The American lobster (Homarus americanus) lives in the cold waters of the Northeastern US and Canada, including Long Island Sound, and range offshore as far south as Virginia. In US waters three separate lobster stocks are recognized: the Gulf of Maine where they are very abundant, Georges Bank where populations are stable or increasing, and southern New England where abundance has dramatically declined in the last decade.
Lobsters are social, territorial crustaceans that live in a variety of different habitats, preferring areas that have a rocky or firm mud bottom they can burrow into. Studies have shown that inshore lobsters like those in the Sound have localized movements, while offshore lobsters seasonally migrate from as far as the edge of the continental shelf to inshore waters to spawn in late spring and summer.
Because most of the Sound’s lobster population does not migrate, the standardized catch of lobster from the CTDEEP Long Island Sound Trawl Survey is used to assess the relative abundance of the local stock. The trawl index is a more accurate representation of abundance than lobster landings because landings are influenced by how each fisherman sets their gear, how often they fish, and socio-economic factors such as market price.
The above graph shows the trend of lobster abundance in the fall (note that no data are available for 2010). The spring index for American lobster has also been declining for 12 out of the past 13 years (1998-2011) and both indices have remained below the time-series average for the past nine years (2003-2011). One of the factors implicated in the lobster population decline is increased summer water temperatures in Long Island Sound.

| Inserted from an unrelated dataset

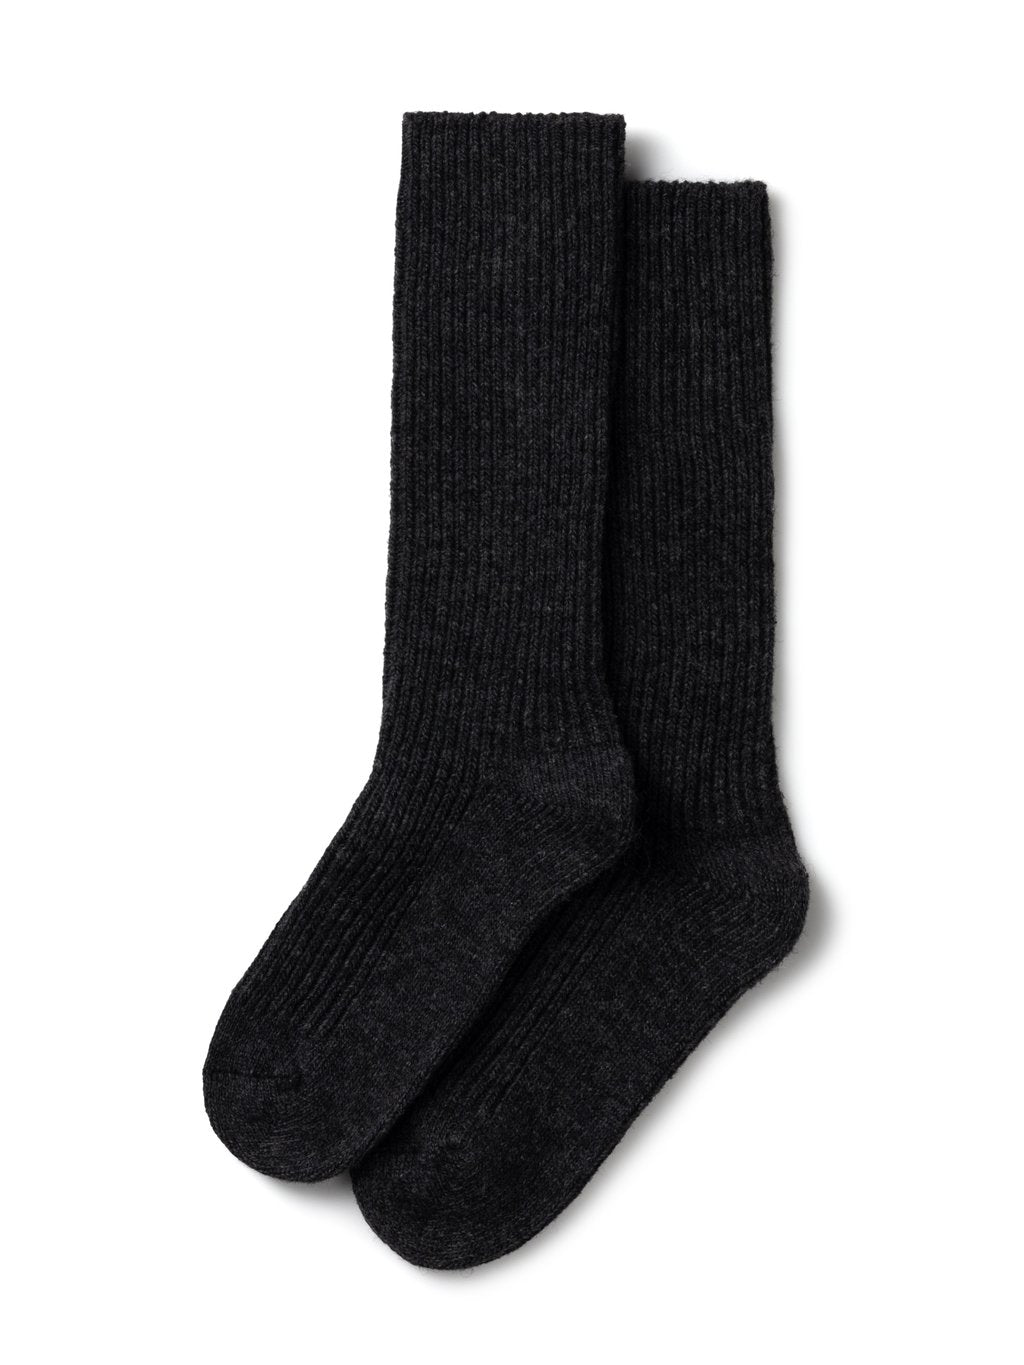 Wool Blend Rib Sock | Charcoal - The Voewood

The above graph depicts data from CTDEEP’s fall trawl survey.
The survey uses geometric mean instead of arithmetic mean to find the most frequently observed number of fish collected per tow. In a natural environment such as Long Island Sound fish have a “patchy” distribution, i.e. some areas will have a very high abundance of fish, and other areas very low abundance or no fish at all. An arithmetic mean can be easily biased by unusually high or low values so that it doesn’t reflect the true center of a data set. The geometric mean minimizes the effects of very high or low values using a log transformation and is a better average for this type of biological data.